In February 1942, the legal historian Willard Hurst joined the General Counsel's office of the Board of Economic Warfare, for what would be just short of a year's service. When the war came, Hurst had been teaching a new course, "Law in Society," which he had developed at the urging of his dean, Lloyd Garrison, as a New Dealer's idea of a first course in law. As William Eskridge and Philip Frickey have observed, the course explored the theme of "institutional competence" well before Henry Hart and Albert Sacks assembled their better-known materials, "The Legal Process." A reaction against Hurst's case-centered legal education at Harvard, the course taught that legislatures and administrators were coequal "law makers" with courts and that the rise of the "administrative prerogative" was a functional response to the demands of a modern society.

At the BEW Hurst had the chance to put his ideals for the administrative state into action.
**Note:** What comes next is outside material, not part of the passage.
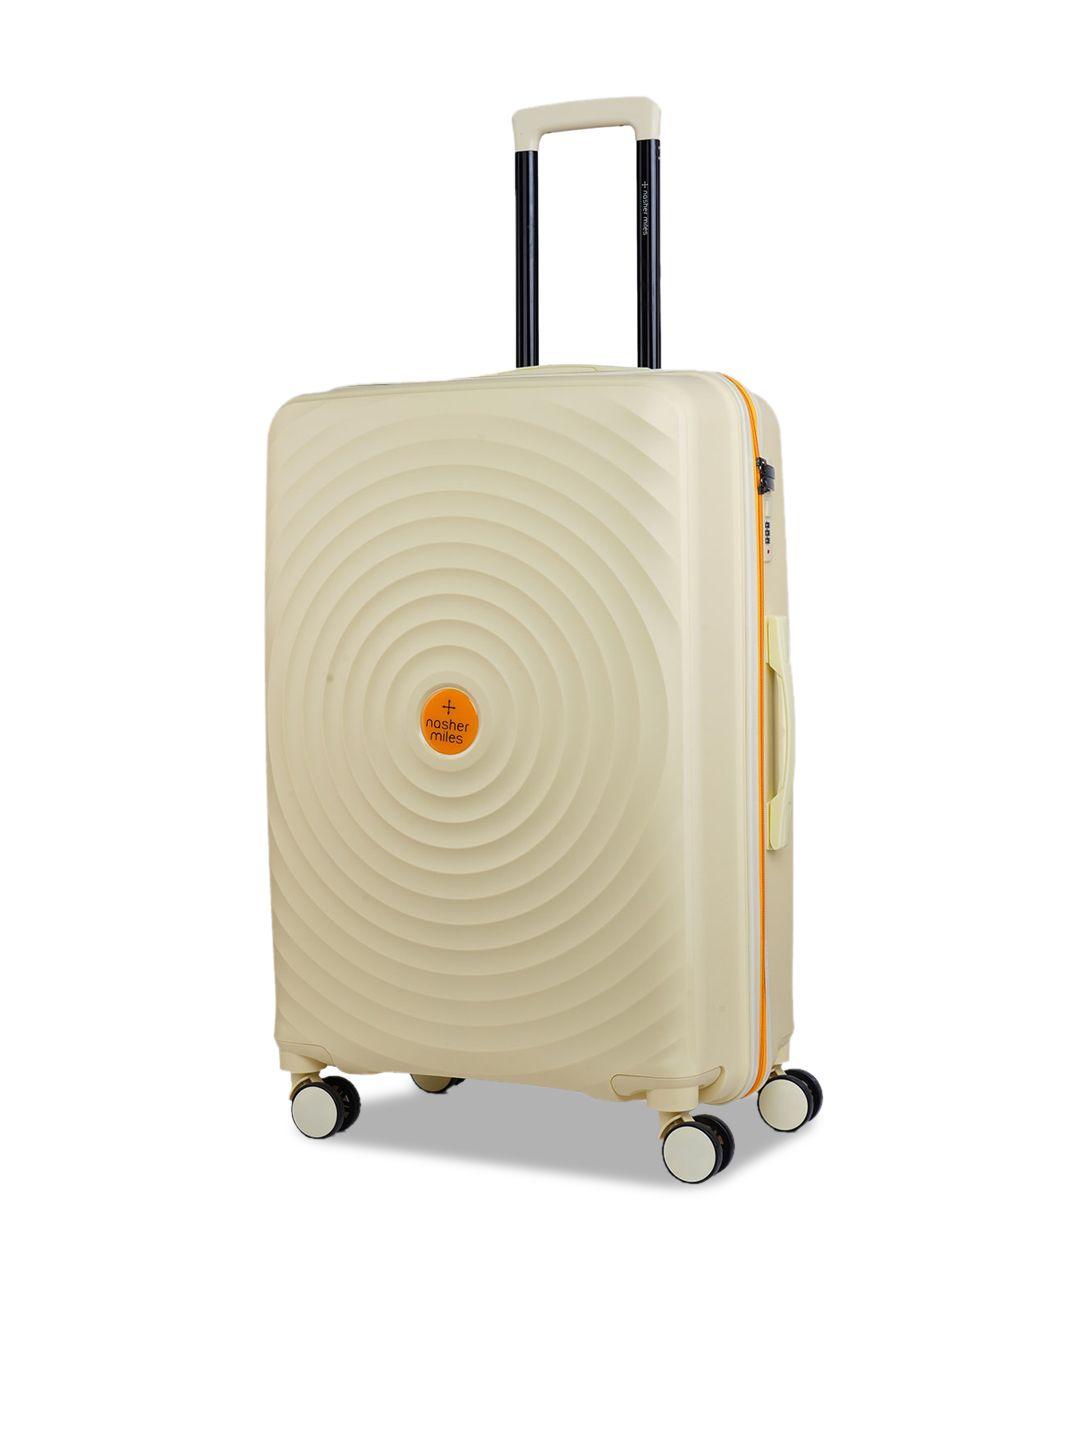 nasher miles goa textured hard-sided luggage trolley bag- 75 cm

Headed by the Liberal standard-bearer Henry Wallace, the BEW wrested the formal right to direct the overseas procurement and development of war-related supplies from the Reconstruction Finance Corporation and the State Department in some of the fiercest bureaucratic fighting of the war. Although a young staff member, Hurst gave the BEW its most important and controversial program, a set of "labor clauses" to be inserted in procurement contracts with overseas suppliers that guaranteed certain minimal labor standards. The controversy over the labor clauses--derided by the BEW's critics as an attempt to export the New Deal--contributed to FDR's decision to abolish the agency in the summer of 1943.

After such a discouraging collision between the ideal and the actual, Hurst might have given up on his optimistic vision of the administrative state. He might have concluded with Stephen Skowronek in Building a New Administrative State, that the federal government had become "a hapless administrative giant, a state that could spawn bureaucratic goods and services but that defied authoritative control and direction." As well, he might have seen in the BEW's ignominious demise an object lesson in the perils of an agency's exceeding its congressional and popular mandate.- Yet his postwar writings and lectures suggest that he did neither. He remained as convinced as ever of the need for properly trained lawyers to express and act on what Robert W. Gordon has termed "the immanent rationality of the social order."